Mark Lashier: Hi, Neil. Good morning. This is Mark. When you think about the additional billion-dollar increments in EBITDA, that really comes from the enhanced business transformation work that we’re going to do as well as the additional synergies we intend to capture from the DCP roll-up, supplemented by the enhanced capability and value creation that we’re going to see out of the commercial organization. Regarding asset dispositions, this fundamentally is about creating focus and redeploying capital. We’re not going to comment on specific assets today, but we generally have some high-performing assets that may be more valuable to others and maybe more strategic to others and we are going to explore that. And if we can capture value greater than our whole value, we’ll do so. But the bottom line is this, that we’re committed to managing the portfolio to drive focus that’s consistent with our strategy and simplifying our business.
Neil Mehta: Okay. Alright, thank you. And then on the quarter itself, the Refining capture rates probably came in a little bit lower than street was expecting. Was that just timing effects with crude? Or is there anything else that we need to keep in mind as we think about what it all means for 4Q and 2024?
Kevin Mitchell: Yes, Neil. It’s Kevin. Let me just make a couple of comments on that. So we did have a few things moving around in the quarter that impacted capture to the negative. And so we saw regional price differentials that differed from the benchmark that we use in terms of the market crack. And so those worked against us that during the quarter, for example, the Chicago market, which became disconnected from the group, and we move product into that market. We also had an impact from the effect of inventory hedges in a rising price environment. So that crack component, this all showed up in the central corridor. We expect about $100 million to $150 million of that to come back in the fourth quarter as we see the physical gain on those barrels that offsets the paper loss that we took in the third quarter.
Neil Mehta: It’s very helpful. Thank you, Kevin.
Operator: Thank you, Neil. Roger Read from Wells Fargo Securities, please go ahead. Your line is open.
Roger Read: Yes, thank you. Good morning and appreciate the winding up of the changes here, improvements, I should say, overall. The question I have, to start with, you mentioned $3 billion of target disposition proceeds, but you’ve upped your overall EBITDA target. So I’m just curious, what EBITDA is associated with those ops, if any? And what does that imply about the sort of extra growth in the overall performance of your raised EBITDA target?

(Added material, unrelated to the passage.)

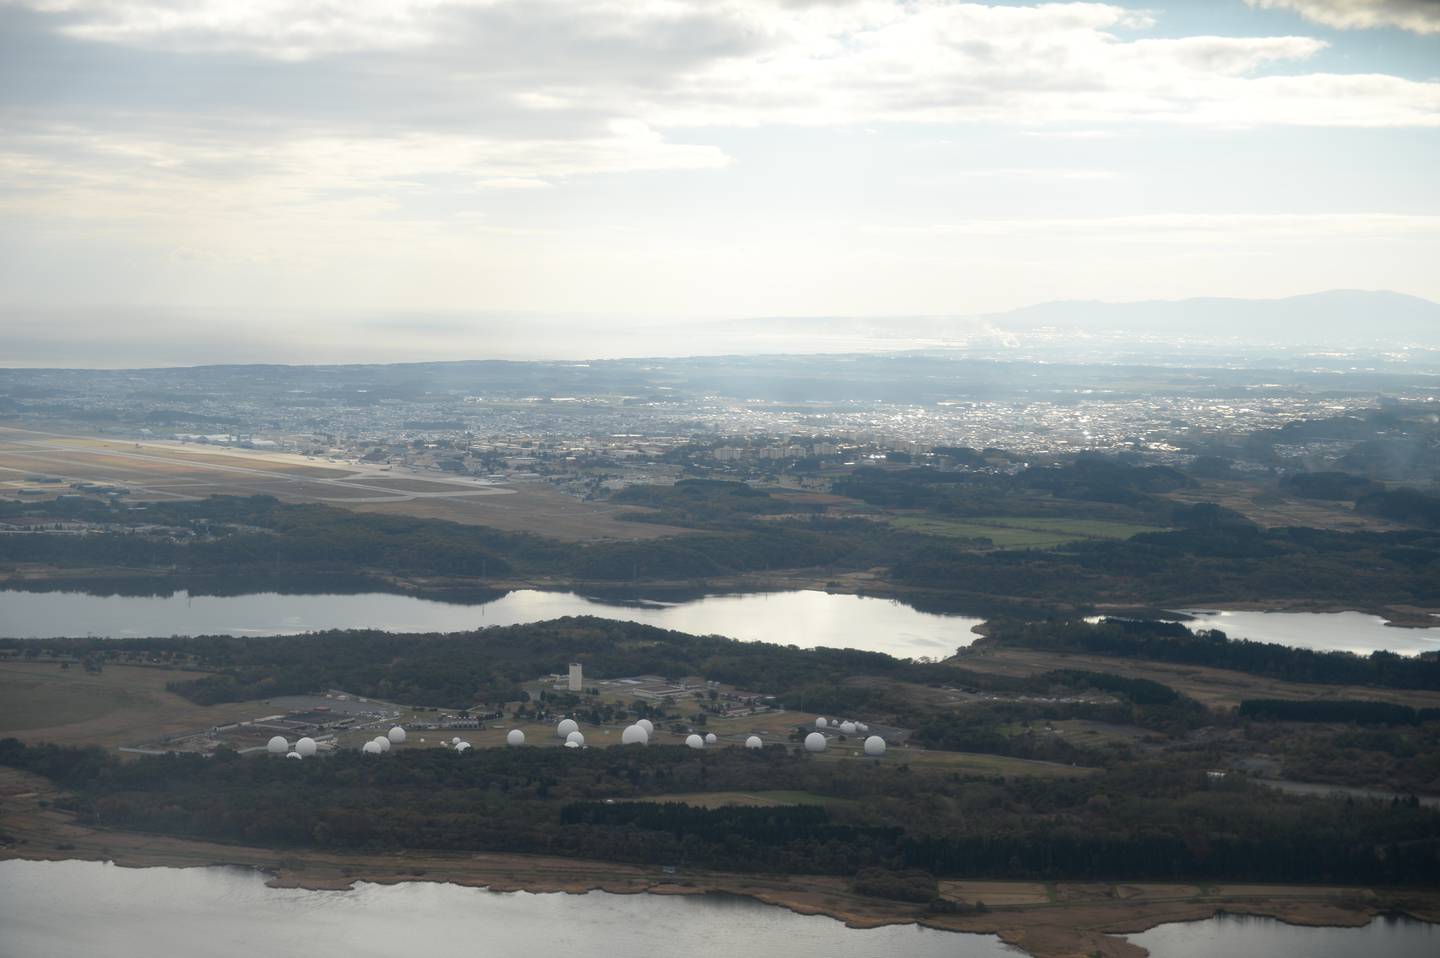 Misawa Airbase, Misawa, Japan, as viewed from a P-8A during a mobility flight.

Kevin Mitchell: Yes. Roger, it’s Kevin. So just for clarity on that point, the growth that we laid out there, the incremental $1 billion is excluding the impact of dispositions. And so clearly, dispositions will reduce EBITDA. We’re not giving any guidance on that at this point in time. I mean, you can come up with an assumption on where you may think we will be selling assets and make a multiple assumption from that. But we’re not giving any specific guidance on the dispositions, other than we expect to realize in excess of $3 billion.

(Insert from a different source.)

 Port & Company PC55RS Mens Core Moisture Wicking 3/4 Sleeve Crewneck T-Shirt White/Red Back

Roger Read: Okay. And I assume based on the idea that there is always a larger pool of assets that could be sold, that’s why it’s unclear right now what the net impact would be.
Kevin Mitchell: That’s right. We will do what makes the most sense for us.

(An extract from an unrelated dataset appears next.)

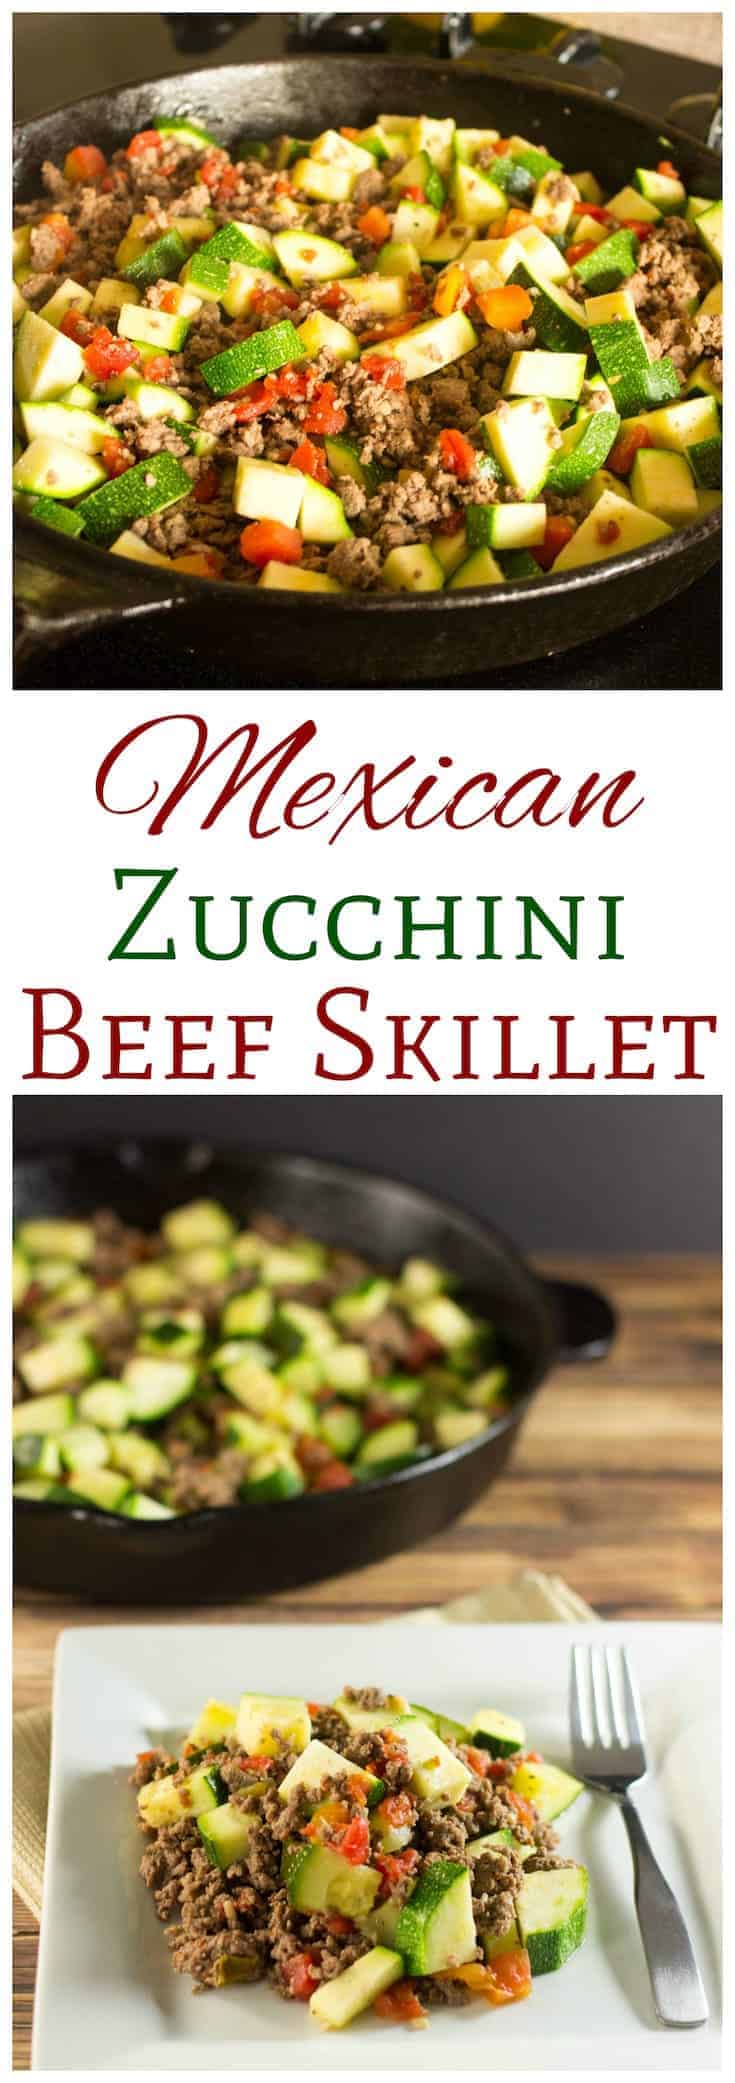 Mexican Zucchini and Ground Beef Skillet - Low Carb Yum

Roger Read: Okay. And then a follow-up to Neil’s question on Refining margins, but maybe looking forward rather than back. The shift here, where diesel margins are well above gasoline, I think about generally a diesel yield improvement for you versus industry standards. Is that the right way to think about Q4 here? Or is there anything else that we should be paying attention to that would work against that?
Rich Harbison: Yes, Roger, this is Rich. As we’ve indicated over the years, our kit has shifted towards distillate production. There is nothing that’s changed on that, other than some of our flexibility to move back and forth between gasoline and distillate. So we still maintain a kit that is favorable to distillate margins in the market.